Les troupes fédérales somaliennes ont chassé les forces d’opposition de Baidoa, l’une des plus grandes villes du pays, lundi, à la suite de violents affrontements ayant fait de nombreuses victimes, ont rapporté des habitants à Reuters.
Baidoa, qui accueille des centaines de milliers de personnes déplacées par le conflit et la faim venus d’autres régions, a été secouée par des heures de combats entre les soldats fédéraux et les forces d’opposition fidèles à l’ancien président de l’État du Sud-Ouest, Abdiaziz Hassan Mohamed Laftagareen.
Selon les habitants, les affrontements survenus lundi dans le centre-ville ont été les plus violents depuis le mois de mars, date à laquelle les forces fédérales avaient pris le contrôle de Baidoa après que l’administration de Laftagareen a annoncé la rupture de ses liens avec le gouvernement fédéral. Laftagareen avait alors démissionné de ses fonctions.
Déjà en difficulté pour endiguer l’insurrection du groupe militant Al-Shabaab — qui dure depuis deux décennies — et pour conjurer la famine, le gouvernement fédéral fait face à une résistance armée croissante de la part des autorités des États fédérés.
Ces autorités rejettent l’influence de Mogadiscio sur les élections locales ainsi que les modifications constitutionnelles qui, selon elles, concentrent le pouvoir entre les mains de l’exécutif.

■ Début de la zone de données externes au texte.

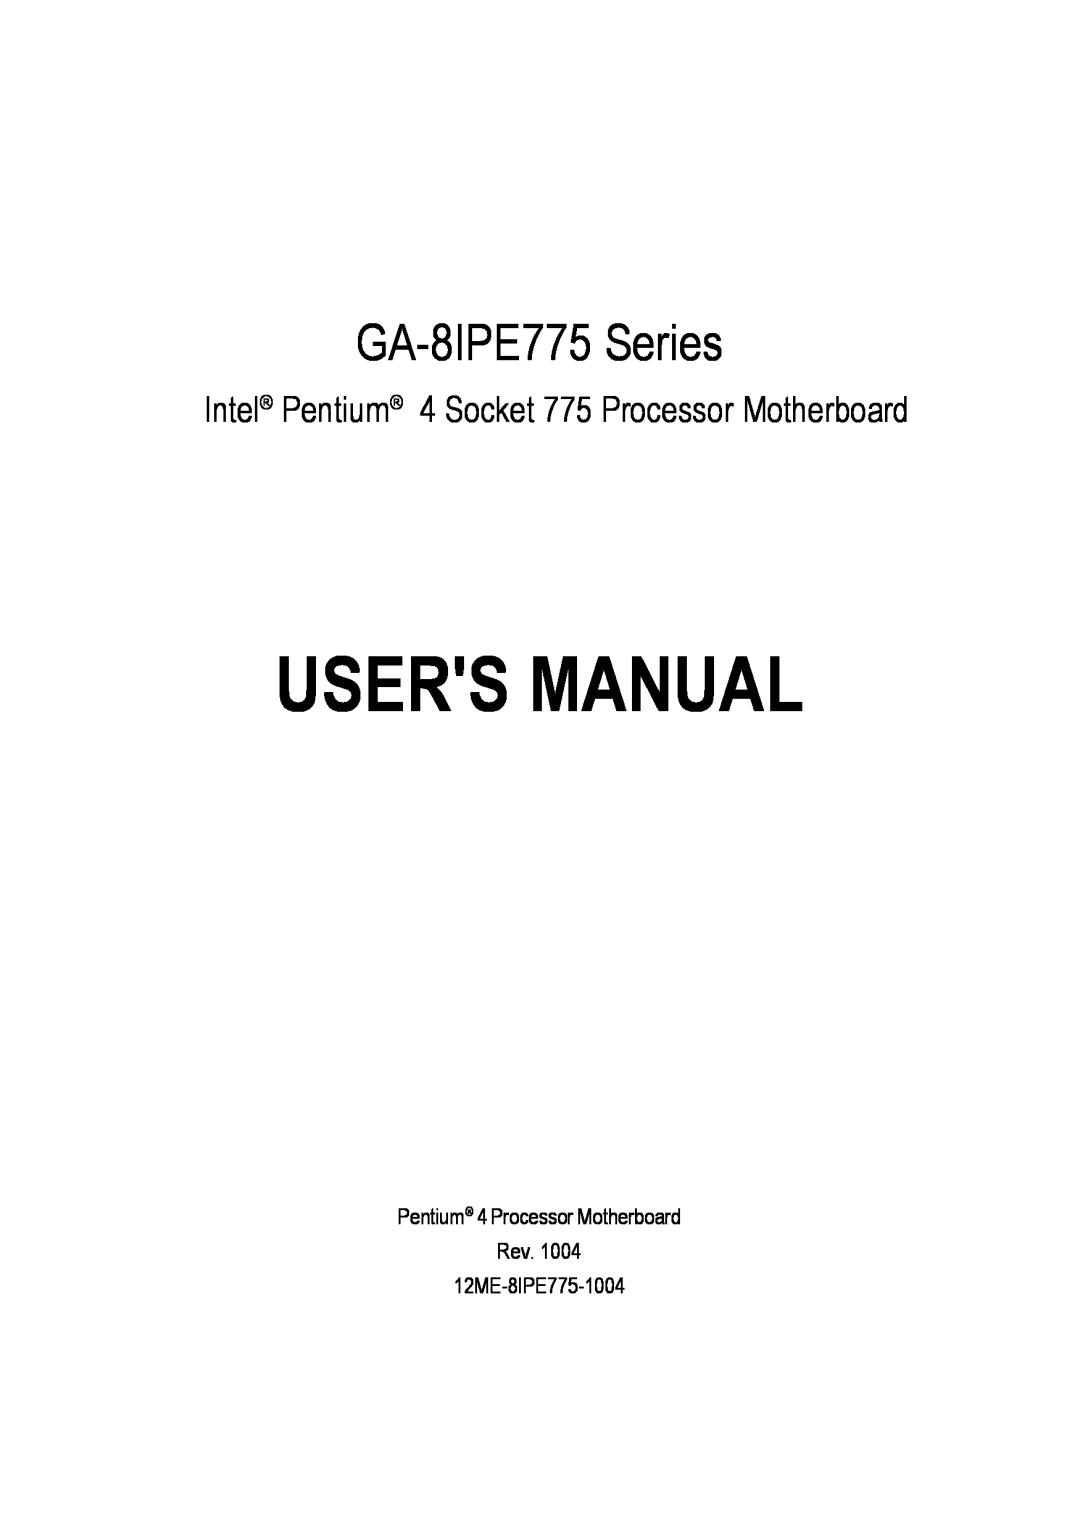 Gigabyte AGP 4X/8X manual Users Manual, GA-8IPE775 Series, Intel Pentium 4 Socket 775 Processor Motherboard

Le ministère somalien de la Défense a déclaré dans un communiqué que les troupes présentes à Baidoa avaient été attaquées avant l’aube par des combattants utilisant des véhicules chargés d’explosifs. Il a précisé que ses forces avaient chassé les assaillants de la ville, en tuant une trentaine d’entre eux.
Des vidéos publiées sur les réseaux sociaux et vérifiées par Reuters montraient des soldats fédéraux tirant depuis l’arrière d’un véhicule blindé et des personnes transportant des civils blessés dans les rues.
Quatre habitants de Baidoa ont confirmé que les troupes fédérales avaient chassé les combattants de l’opposition de la ville et ont fait état de la présence de cadavres.
« J’ai vu dix morts, dont quatre civils et six soldats issus des deux camps », a déclaré à Reuters Farah Ibrahim, un notable local.
Le camp de Laftagareen, qui avait annoncé plus tôt dans la matinée sur Facebook que ses forces s’étaient emparées du centre-ville, n’a pas pu être joint dans l’immédiat pour un commentaire.
Baidoa est confrontée à une crise humanitaire dramatique : un enfant sur quatre dans ses sites de déplacés souffre de malnutrition sévère, selon une enquête réalisée en juillet par l’organisation médicale française Médecins Sans Frontières.